Based on your analysis, you have made one recommendation to the business stakeholder about the campaign. boyd and Crawford (2012) argue that it is misleading to think that we can make objective and accurate claims based on big data analytics. Looking at the campaign evaluation, reflect 
1) to what extent the conclusions and recommendations you have made are objective and accurate,
2) what may be the threats to objecitvity and accuracy,
3) provide concrete suggestions how these issues could be mitigated. 

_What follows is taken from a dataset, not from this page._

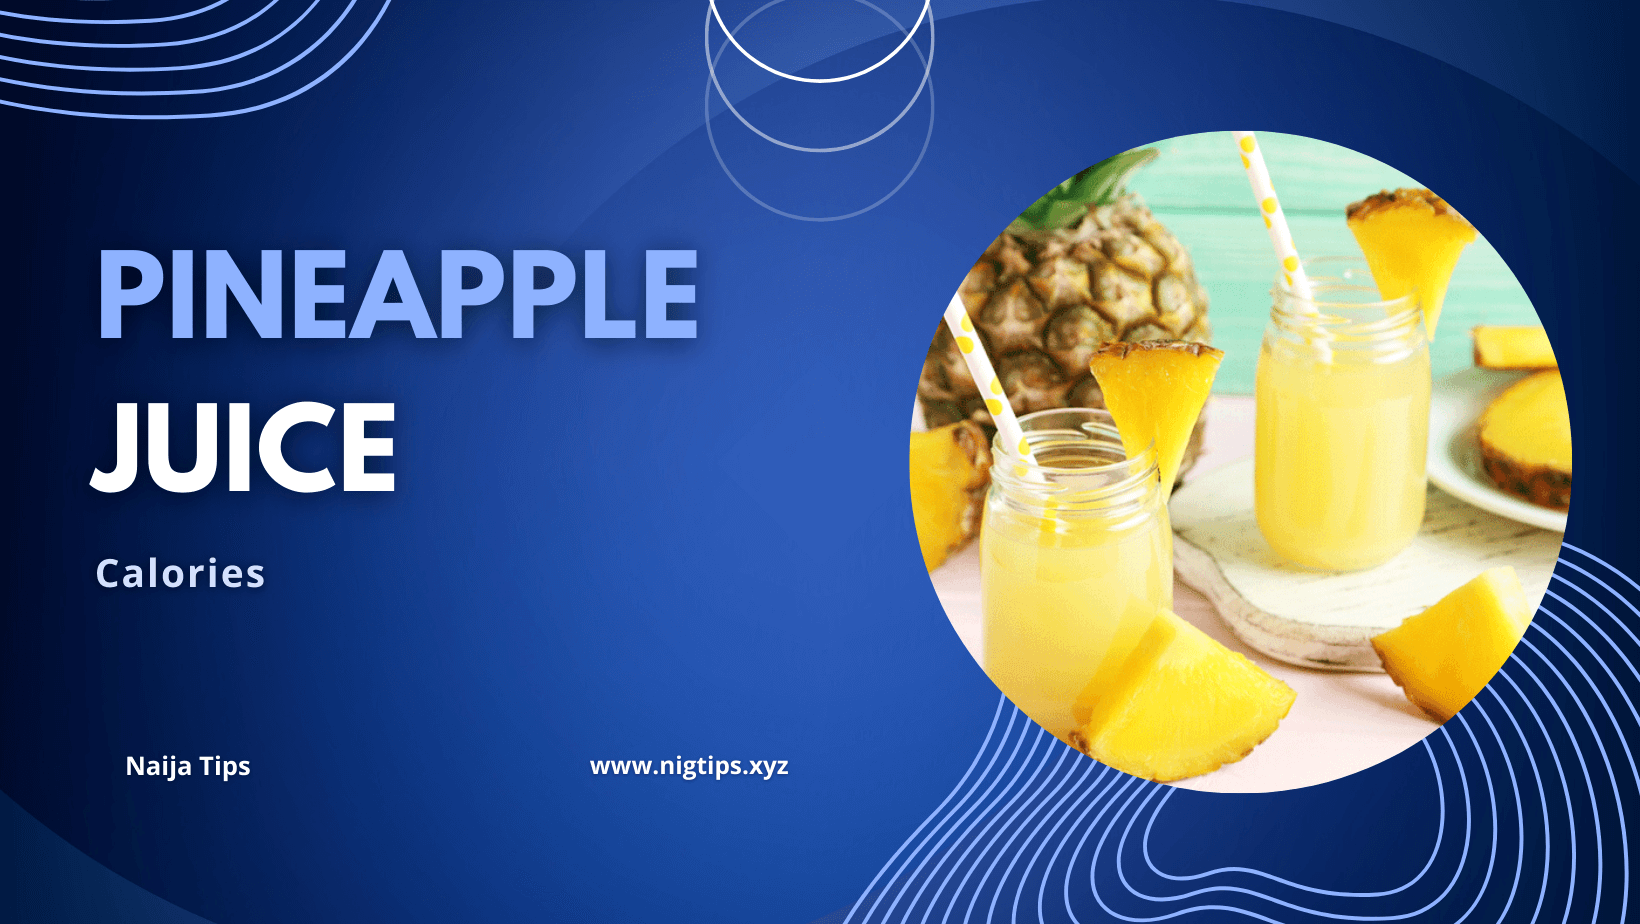 Pineapple Juice Calories
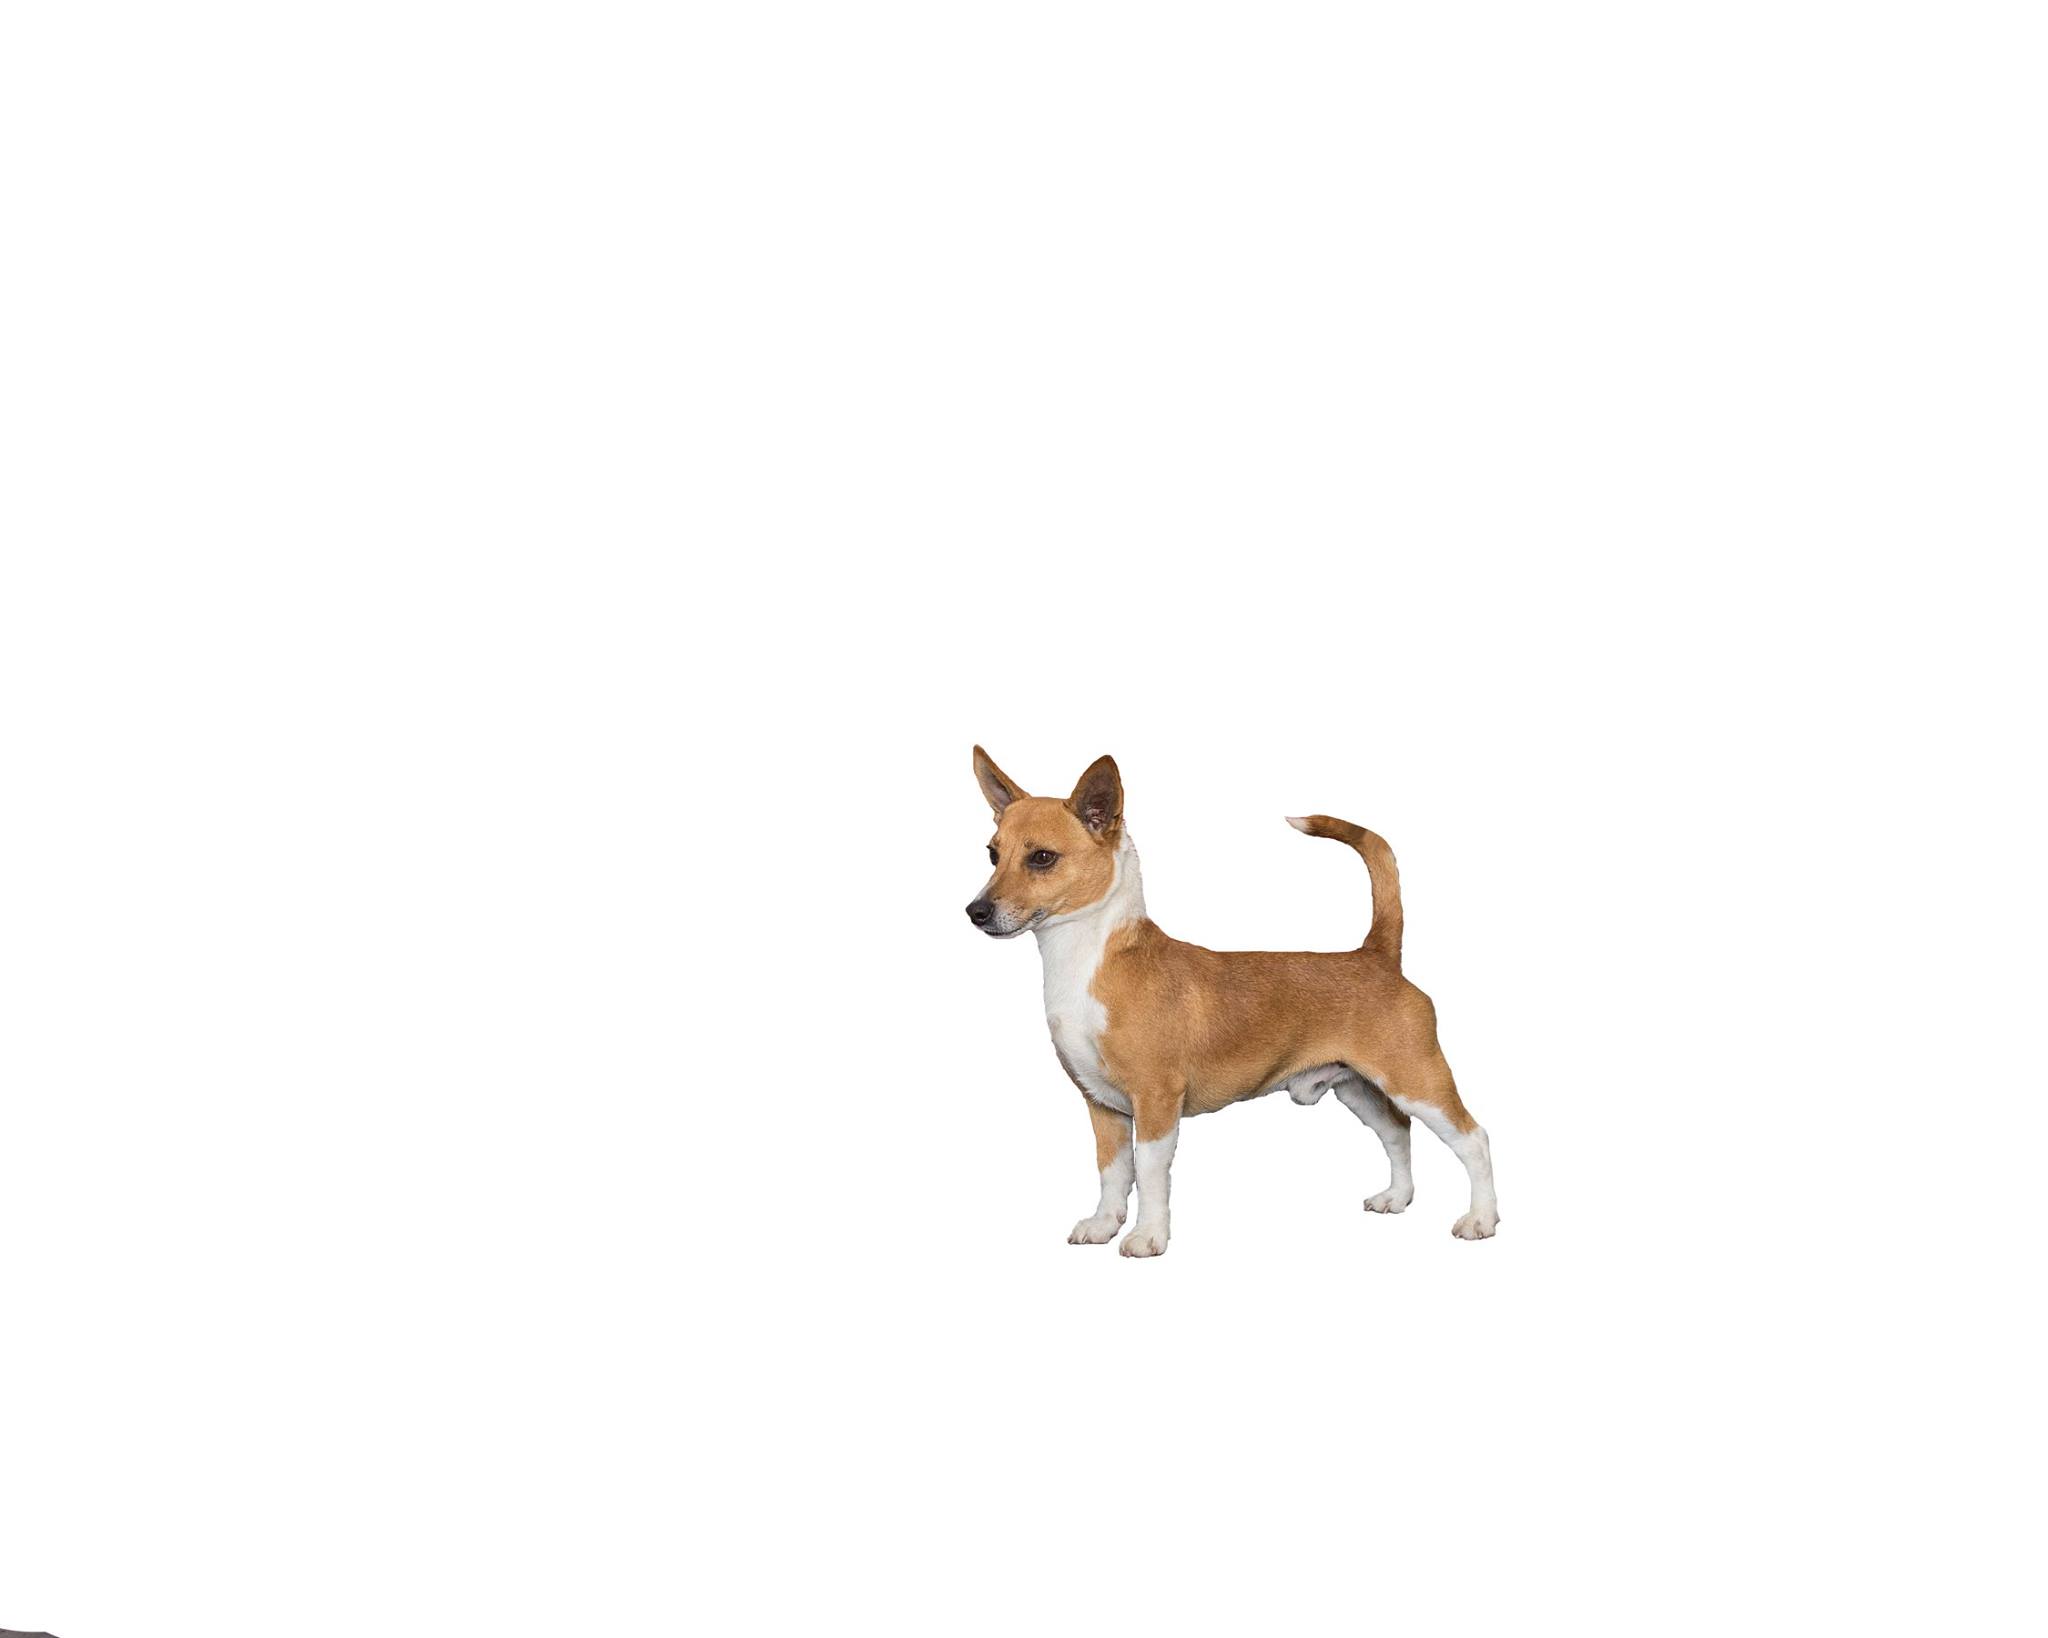 Top Hound - Top Dog Portuguese Podengo Pequeno David - Smooth Coat #Thisisakc

Please motivate your response with specific issues about the case.


## Challenge 3

### Programming challenge

Using the DecisionTree classifier from **sklearn**, recreate the best performing model from challenge 2 (the one you indicated you'd choose in the technical summary). After the DecisionTree model is created, please:
* Create a chart for the decision tree,
* Compute the precision, recall and F1-score of this model for the test dataset.


### Reflection

In their paper, boyd and Crawford (2012) describe six critical questions for big data research. The questions concern the value of big data, ethical questions related to data collection and analysis as well the as broader impact of big data analytics on science, industry and the society. For the reflection, select one of the questions (except question 2 discussed in challenge 2) and apply it to the case of this week (a company collects digital trace data to analyse campaign effectiveness). Please motivate your response with specific issues about the case.

### Important exception
As LIME is a framework still in development, we are not sure if it will work in all computers and configurations. If by any chance you get an error message when running LIME, please log a GitHub issue but do not wait for a resolution before handing in the challenge.